Beginning with the line that contains "a plate with", copy each subsequent line of the data below through the last one, including both ends but not the pictures.

- **Dataset section**:
┏━━
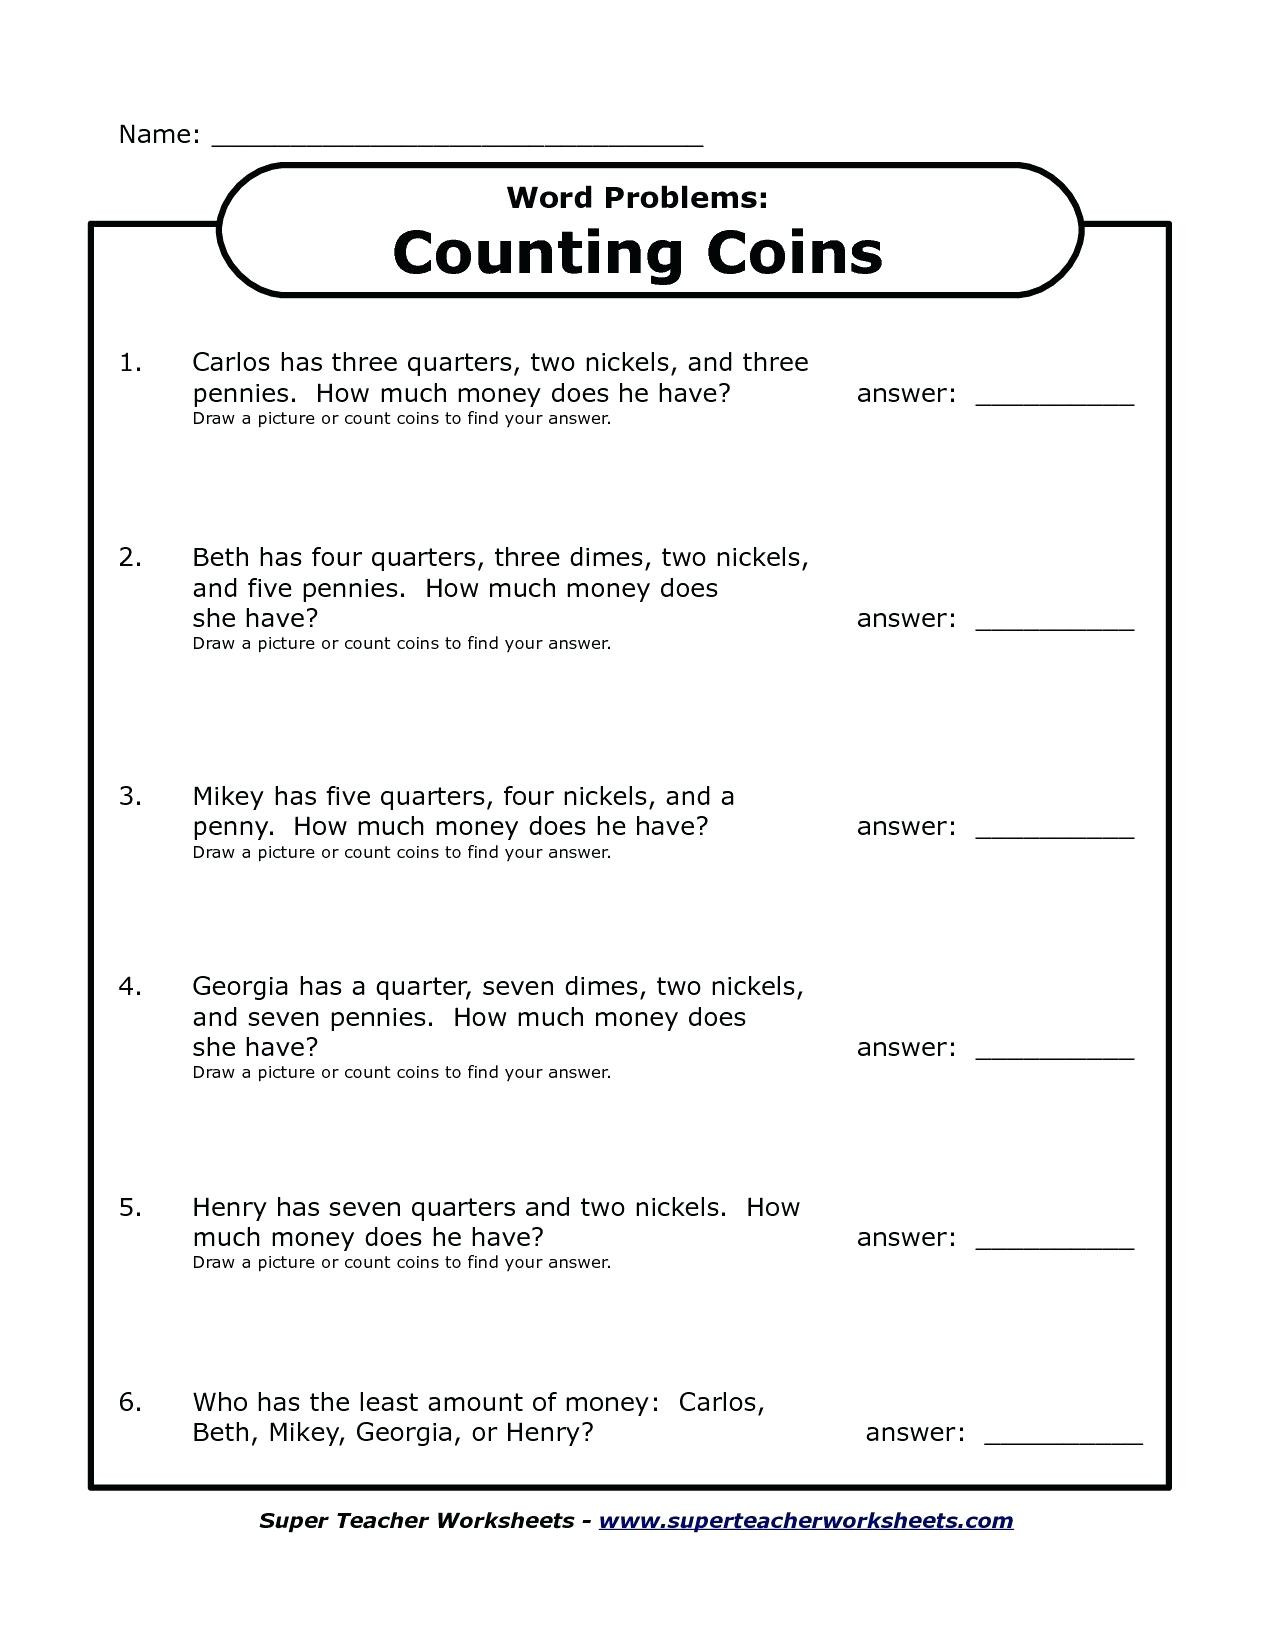 Free Math Worksheets Fourth Grade 4 Addition Adding 3 Digit and 1 Digit Numbers
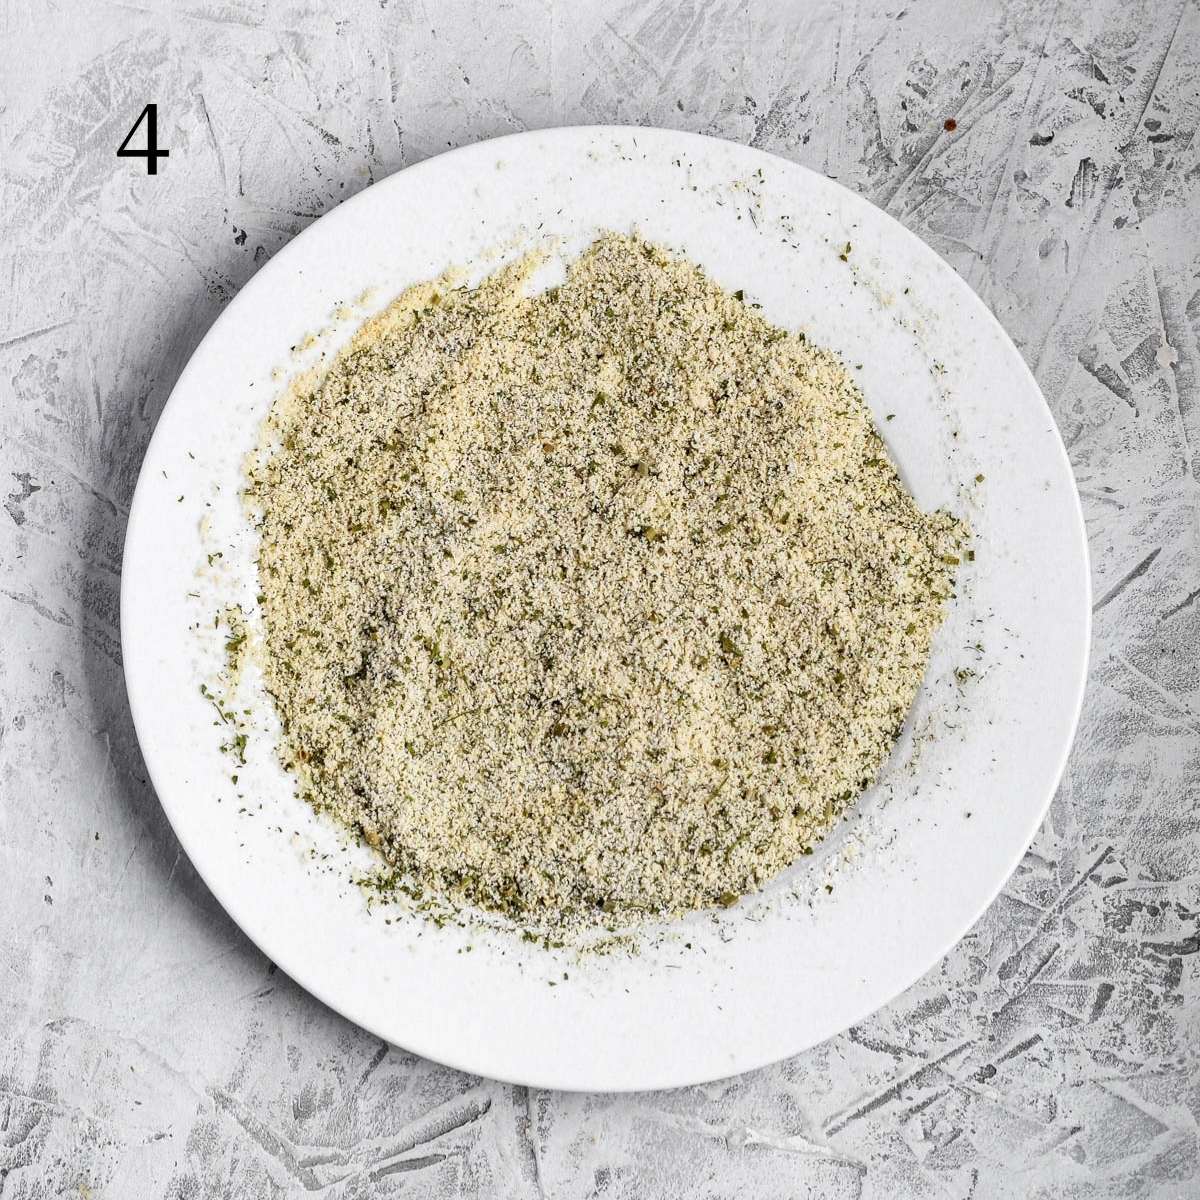 a plate with almond flour, parsley, garlic powder, onion powder, dill, chives, salt and pepper mixed together
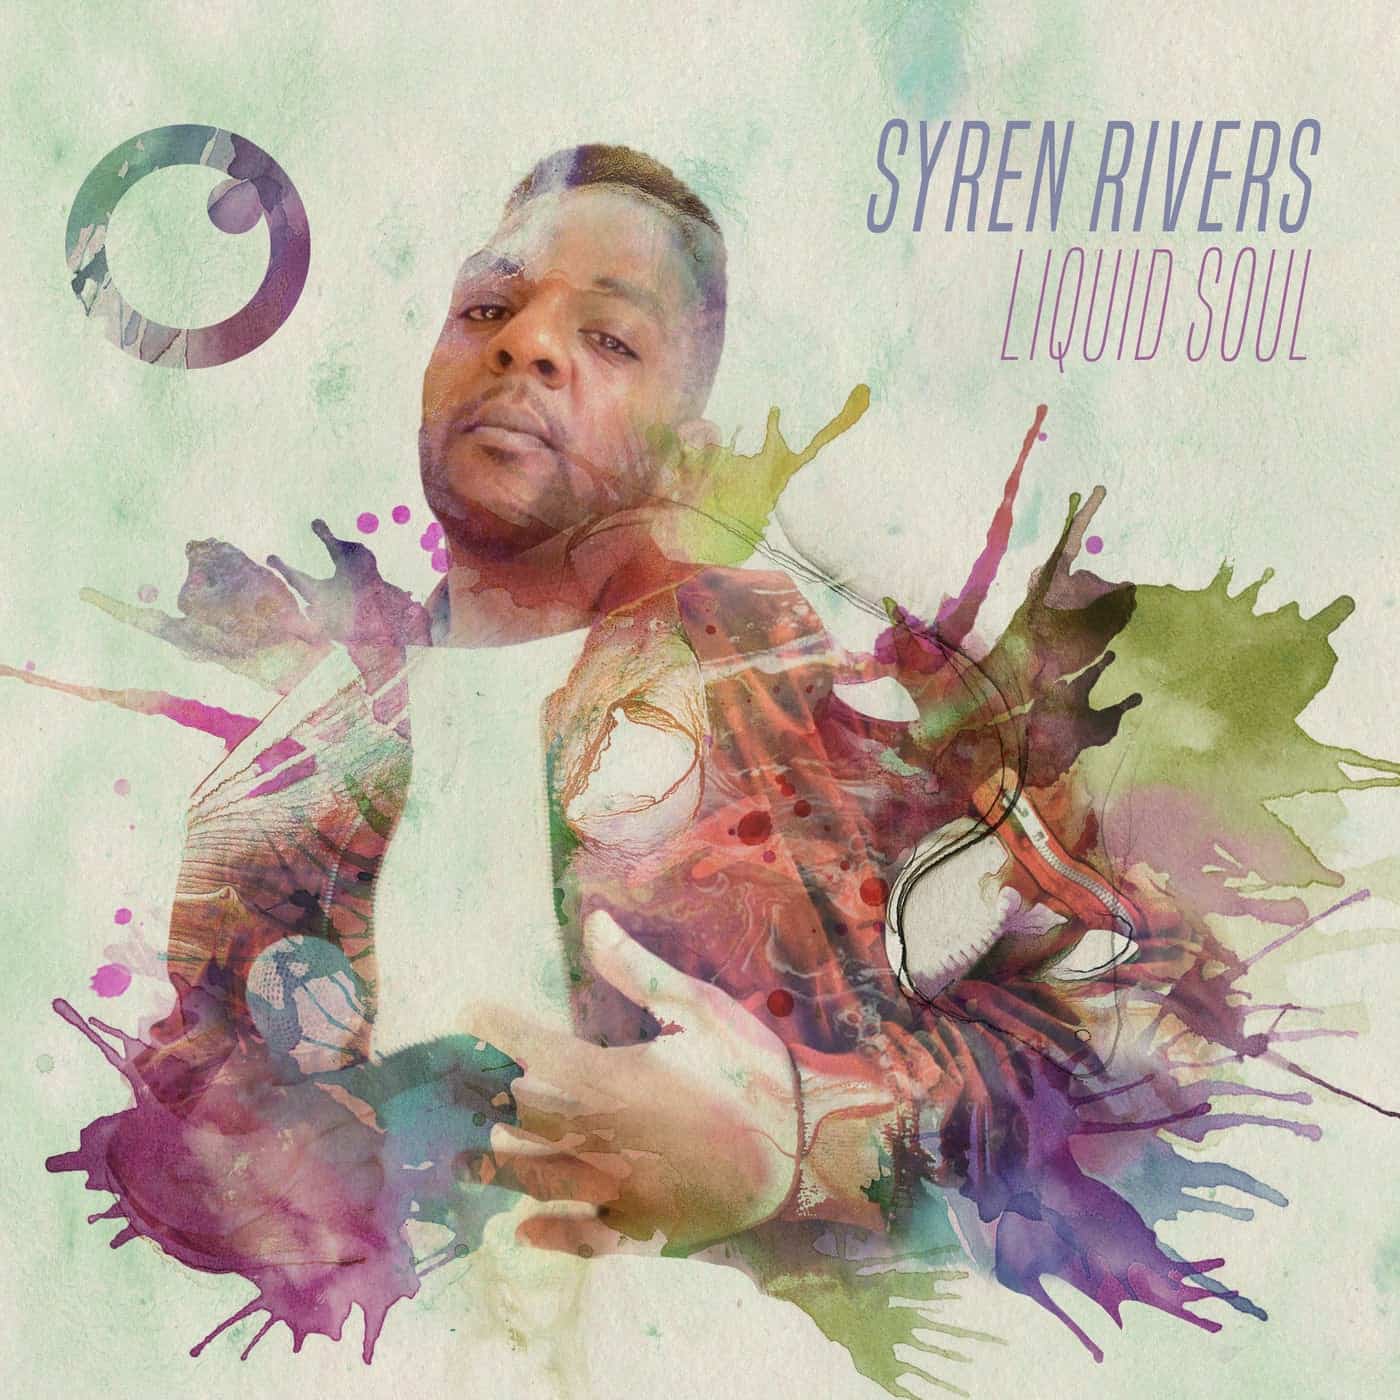 Download Syren Rivers - Liquid Soul on Electrobuzz
┗━━
- **Written solution**:
 a plate with almond flour, parsley, garlic powder, onion powder, dill, chives, salt and pepper mixed together
 Download Syren Rivers - Liquid Soul on Electrobuzz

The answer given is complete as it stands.